Alert posture used by the United States Armed Forces

DEFCON levels

The defense readiness condition (DEFCON) is an alert state used by the United States Armed Forces. The DEFCON system was developed in 1959 by the Joint Chiefs of Staff (JCS) and unified and specified combatant commands. It prescribes five graduated levels of readiness (or states of alert) for the U.S. military. It increases in severity from DEFCON 5 (least severe) to DEFCON 1 (most severe) to match varying military situations, with DEFCON 1 signaling the impending outbreak of nuclear warfare. For security reasons, the U.S. military does not announce a DEFCON level to the public.

DEFCONs are a subsystem of a series of "Alert Conditions", or LERTCONs, which also include Emergency Conditions (EMERGCONs).

==Definition==
The DEFCON level is controlled primarily by the U.S. president and the U.S. secretary of defense through the chairman of the Joint Chiefs of Staff and the combatant commanders; each level defines specific security, activation and response scenarios for the personnel in question.

Different branches of the U.S. Armed Forces (i.e. U.S. Army, U.S. Navy, U.S. Air Force, U.S. Marine Corps, U.S. Coast Guard, U.S. Space Force) and different bases or command groups can be activated at different defense conditions.

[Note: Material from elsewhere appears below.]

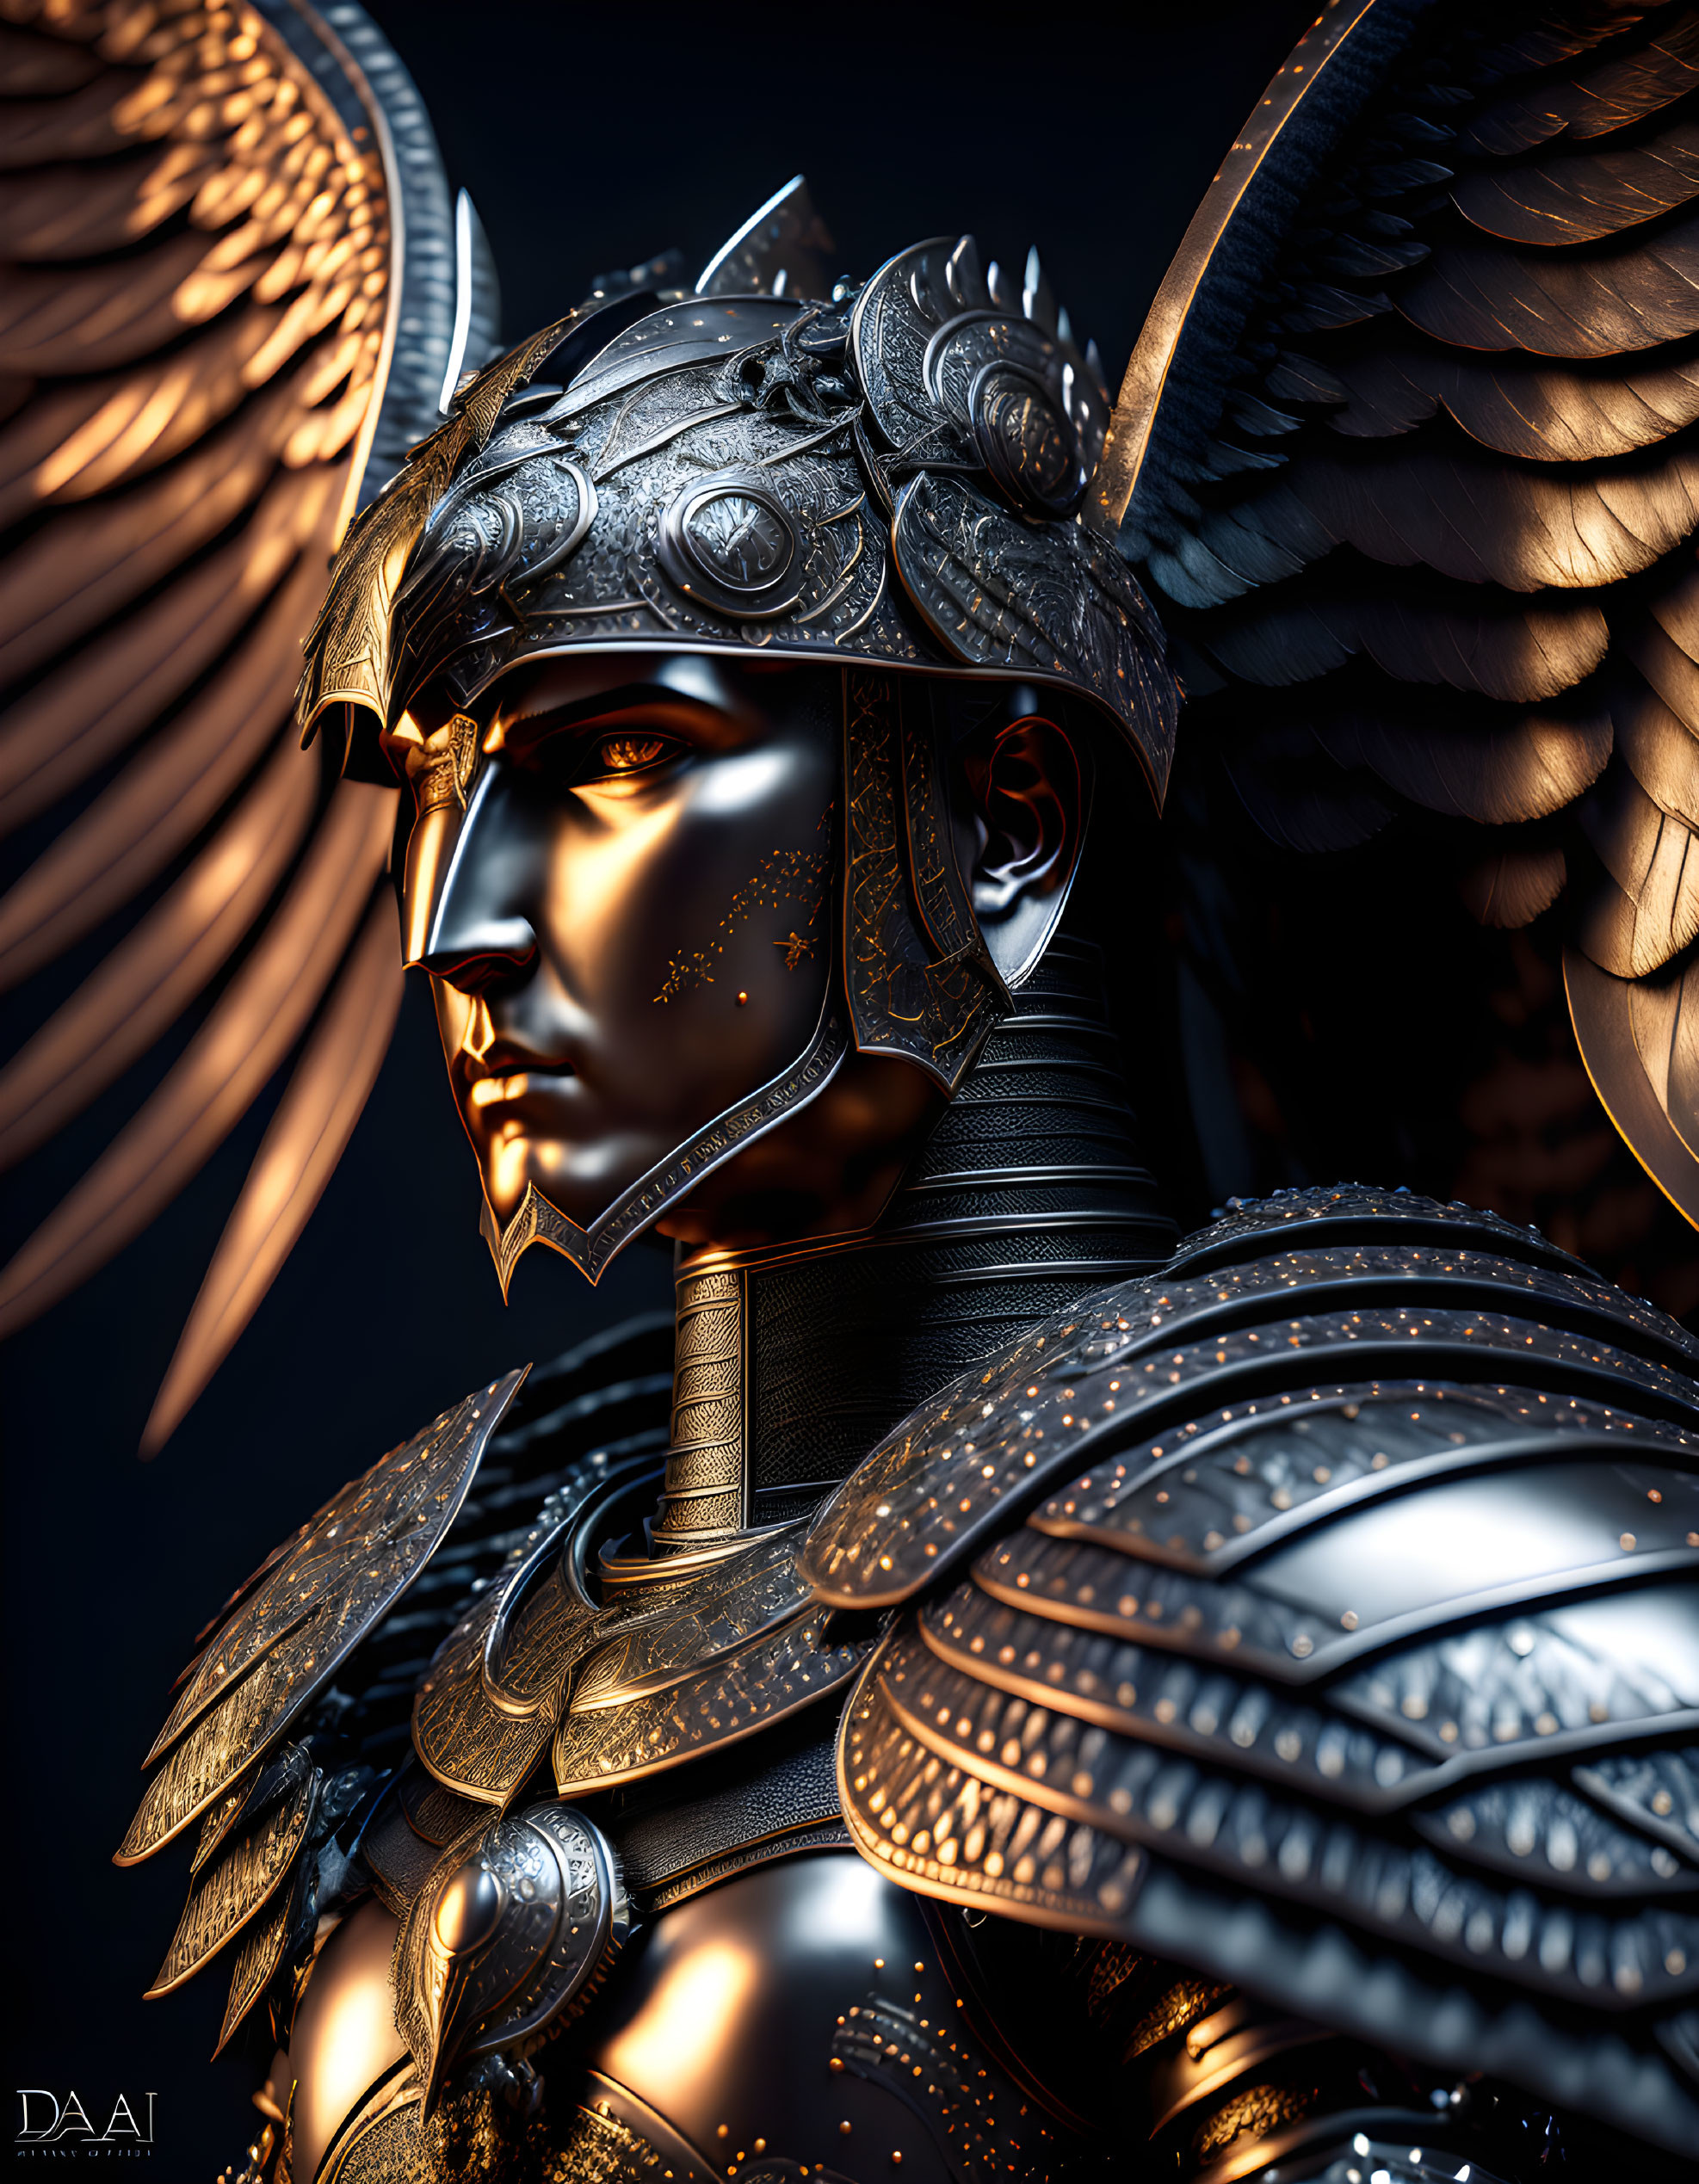 Digital artwork: Figure in ornate dark armor with winged helmet in golden light
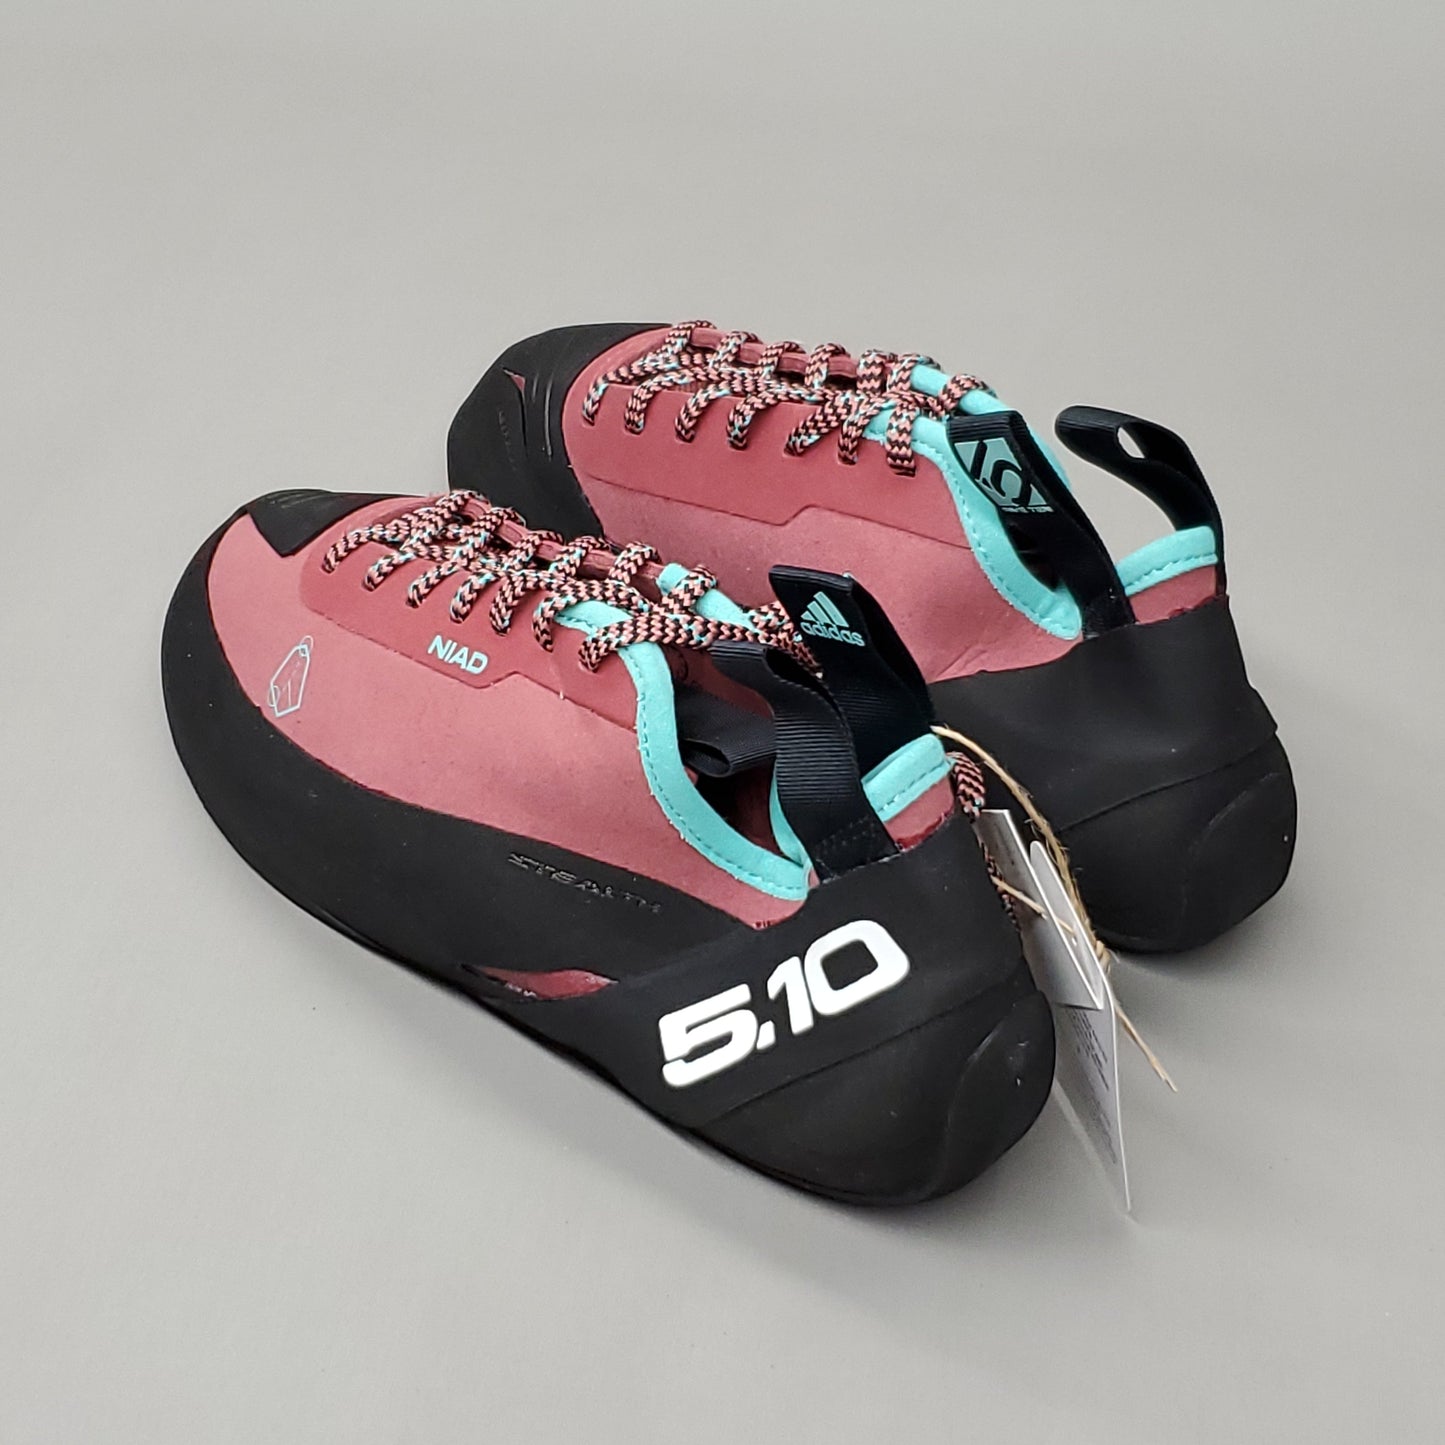 ADIDAS Five Ten Niad Lace W Climbing Shoes Women's Sz 10.5 Crew Red FW2874 (New)

According to Air & Space/Smithsonian, as of 2022, the U.S. DEFCON level has never been more severe than DEFCON 3. The DEFCON 2 levels in the 1962 Cuban Missile Crisis and 1991 Gulf War applied only to the U.S. Strategic Air Command (SAC).

DEFCONs should not be confused with similar systems used by the US military, such as Force Protection Conditions (FPCONS), Readiness Conditions (REDCONS), Information Operations Condition (INFOCON) and its future replacement Cyber Operations Condition (CYBERCON), and Watch Conditions (WATCHCONS), or the former Homeland Security Advisory System used by the U.S. Department of Homeland Security.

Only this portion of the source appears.